If the Long Term Care Insurance Market Collapsed, How are Seniors going to Pay for Care?
In 2000, there were over 100 Long Term Care Insurance Companies and today there are maybe a dozen
What happened? In less than 15 years the long term care insurance market has almost disappeared. Major insurance companies such as MetLife, Prudential, UNUM, and the Guardian have quite the market and no longer sell policies. The only companies left have been forced to raise premiums on families that bought policies years ago. This has backed people who bought policies planning for the future to make a choice between dropping their policies or negotiating reductions in coverage in return for less drastic rate increases. The problem is that the insurance companies that sold these policies underpriced the premiums in a scramble for market share and it came back to burn them because they miscalculated two important factors:
Two Factors the Long Term Care Insurance Companies Miscalculated
- Seniors are living longer and the cost of long term care is rising higher than had been expected
- Insurance companies expected seniors to abandon a high percentage of these policies before ever paying a long term care benefit, but the owners who are counting on these benefits refuse to let go after making premium payments for years
The insurance companies assumed that since 88% of life insurance policies purchased never pay out a death benefit because they are either lapsed or surrendered– the same would happen with long term care insurance policies. Instead the opposite happened, and the vast majority of policy owners held onto their policies despite numerous rounds of rate increases and benefit reductions. In the recent Wall Street Journal article (7/1/13), Long Term Care Insurance Leaves Customers Groping, the story of the Deane family is a cautionary tale. They were forced to battle with their insurance company about rate increases and benefit reductions to keep even a portion of the policy they have been paying premiums on for a decade. Rob and Katherine Deane had to contend with a rate increase of 77% on the policy they bought for Mrs. Deane ten years ago. After much distress and haggling with the insurance company, the increase was reduced to “only” 46% in exchange for reducing the time that she could receive coverage from 10 years to 6 years—a 46% rate increase in exchange for a 40% benefit reduction! Her husband, a doctor, said in the article, “Seniors are really getting hammered!” The insurance company refused to comment for the article…..

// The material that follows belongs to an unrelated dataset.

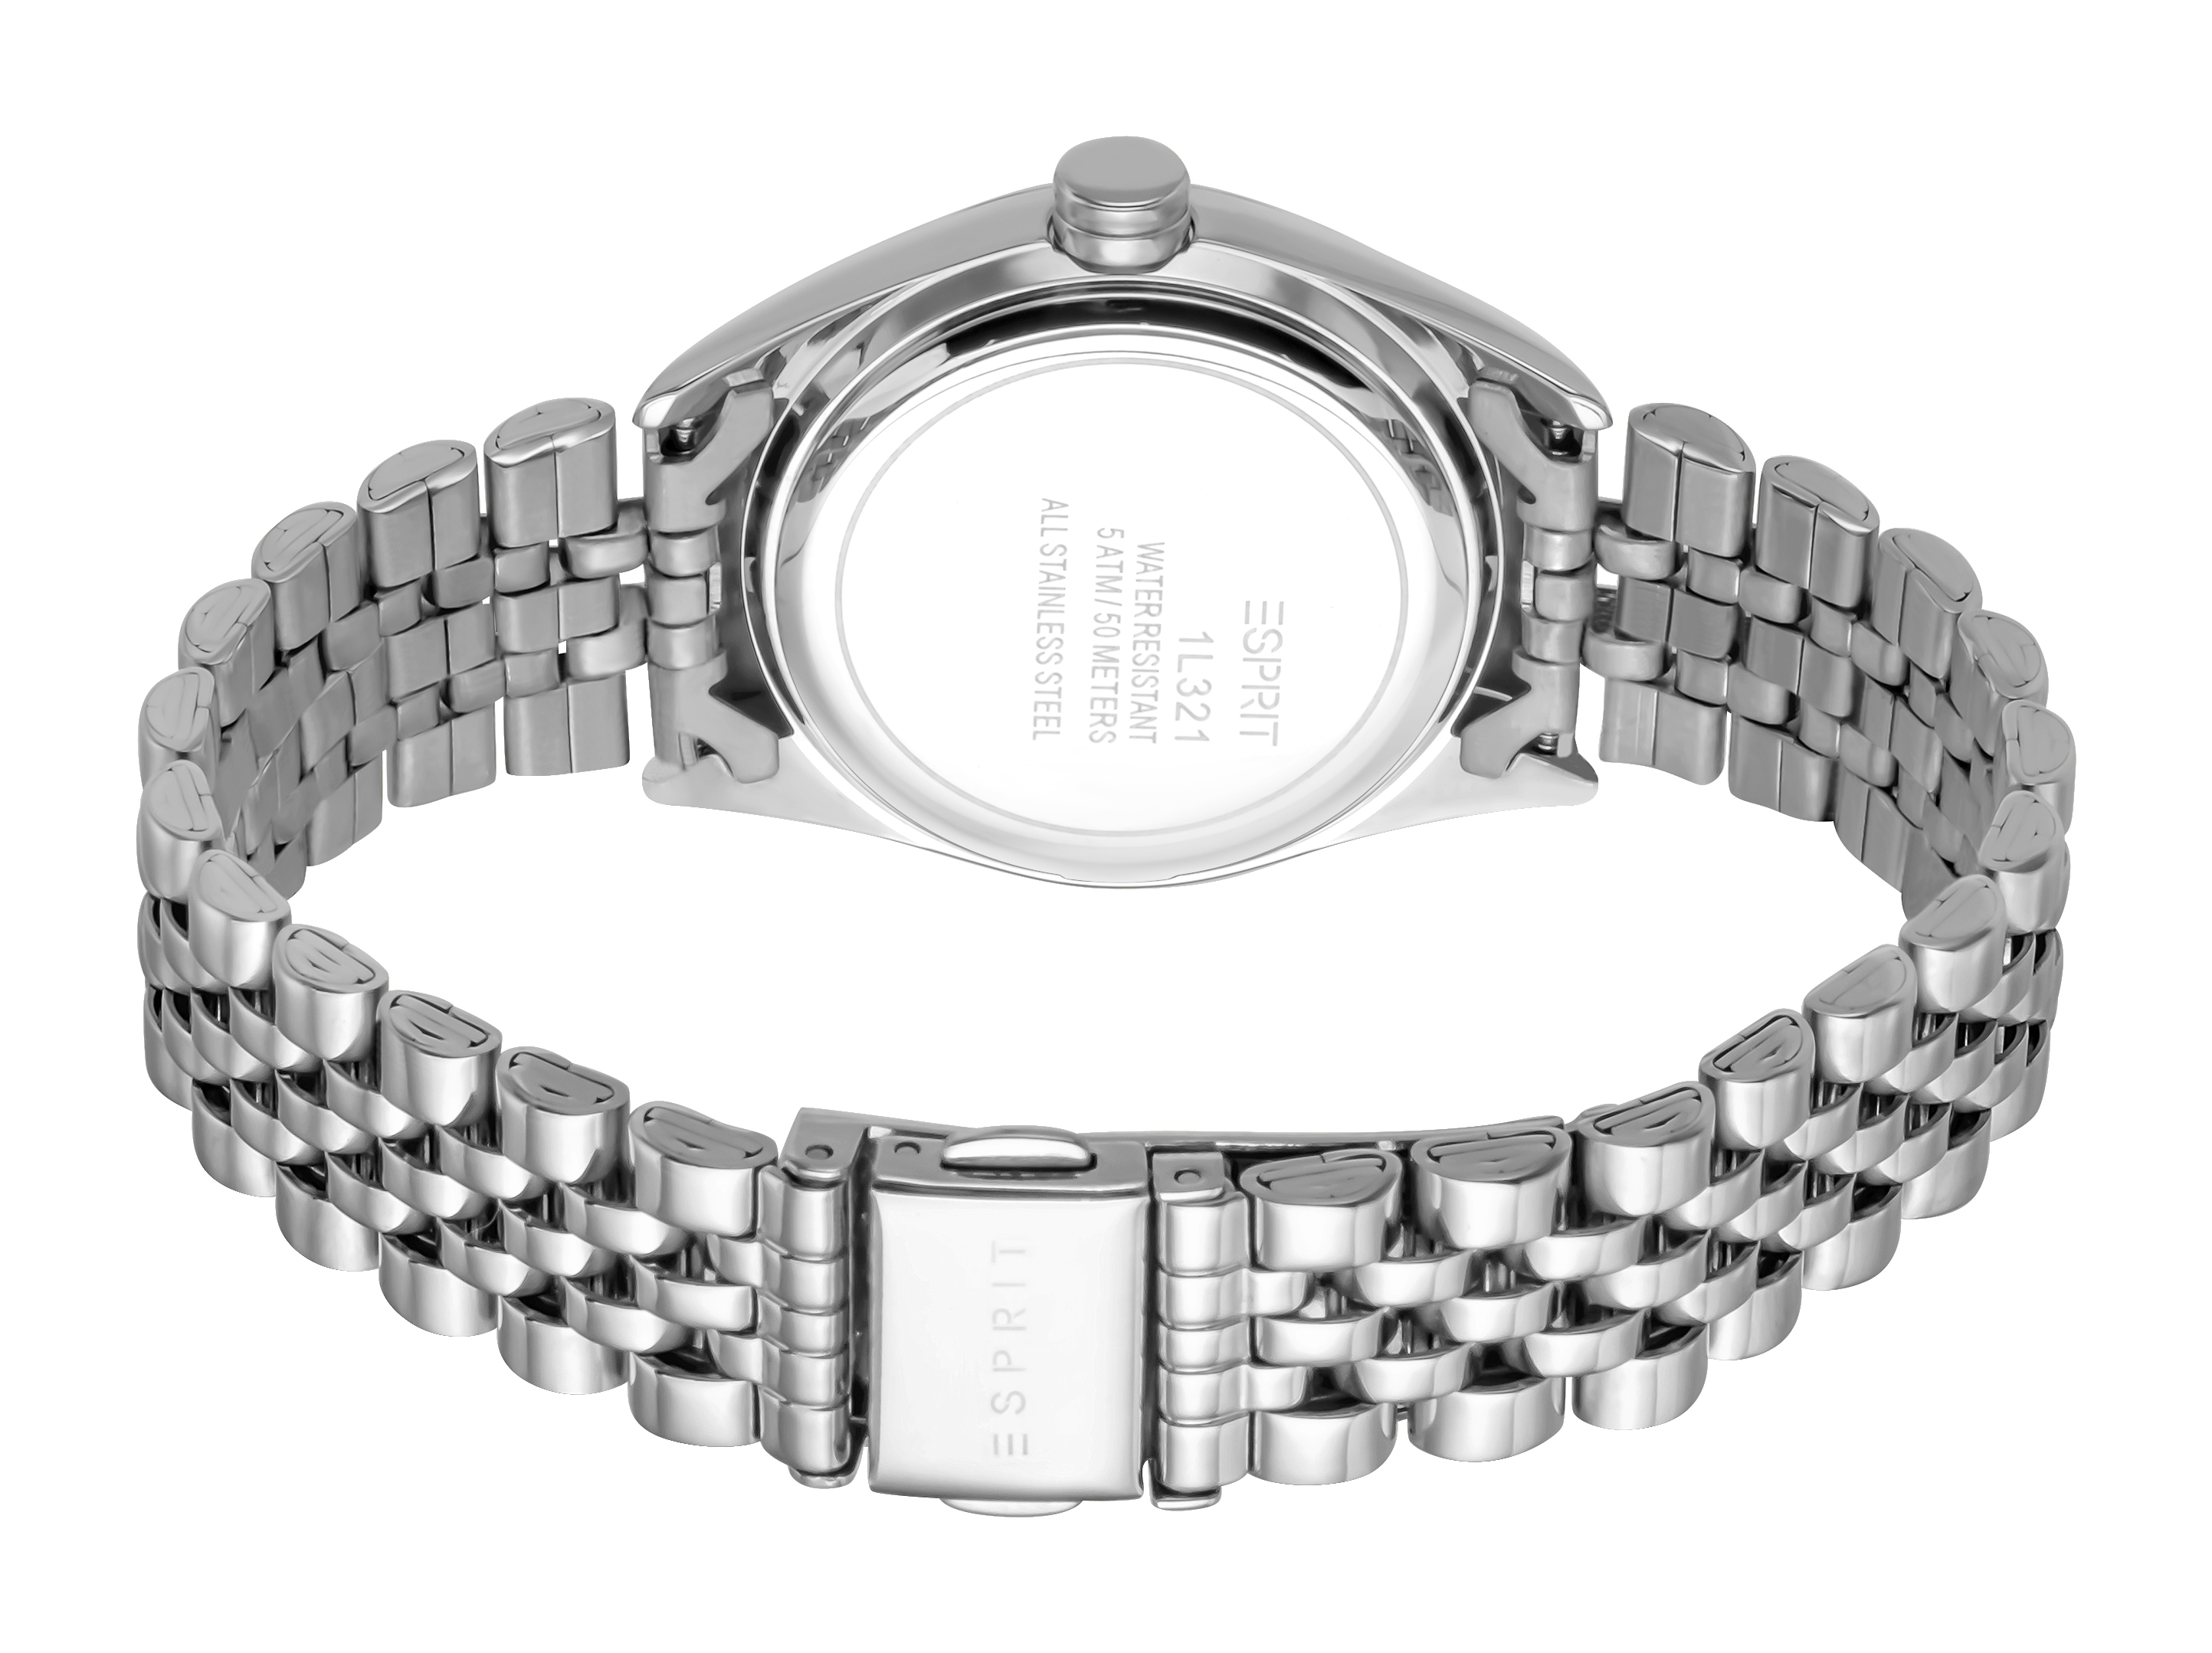 Унисекс часы ESPRIT Esprit ES1L321M0045

Also, as the Wall Street Journal reported in this story, in today’s market many insurance agents and financial planners are steering clients to new “hybrid” coverage, basically life insurance with a rider providing long-term-care benefits. One appeal: The policyholder can leave something to heirs even if the long-term-care benefits don’t get tapped. But the long-term-care benefits often are less generous than those in conventional policies, and policyholders typically have to write one big check upfront to obtain the coverage, rather than paying premiums each year, says Nancy Courser, the Deanes’ insurance agent. “We have no way of knowing if these policies will self-destruct in the future,” cautions Mary Ahearn, a financial planner in Arizona.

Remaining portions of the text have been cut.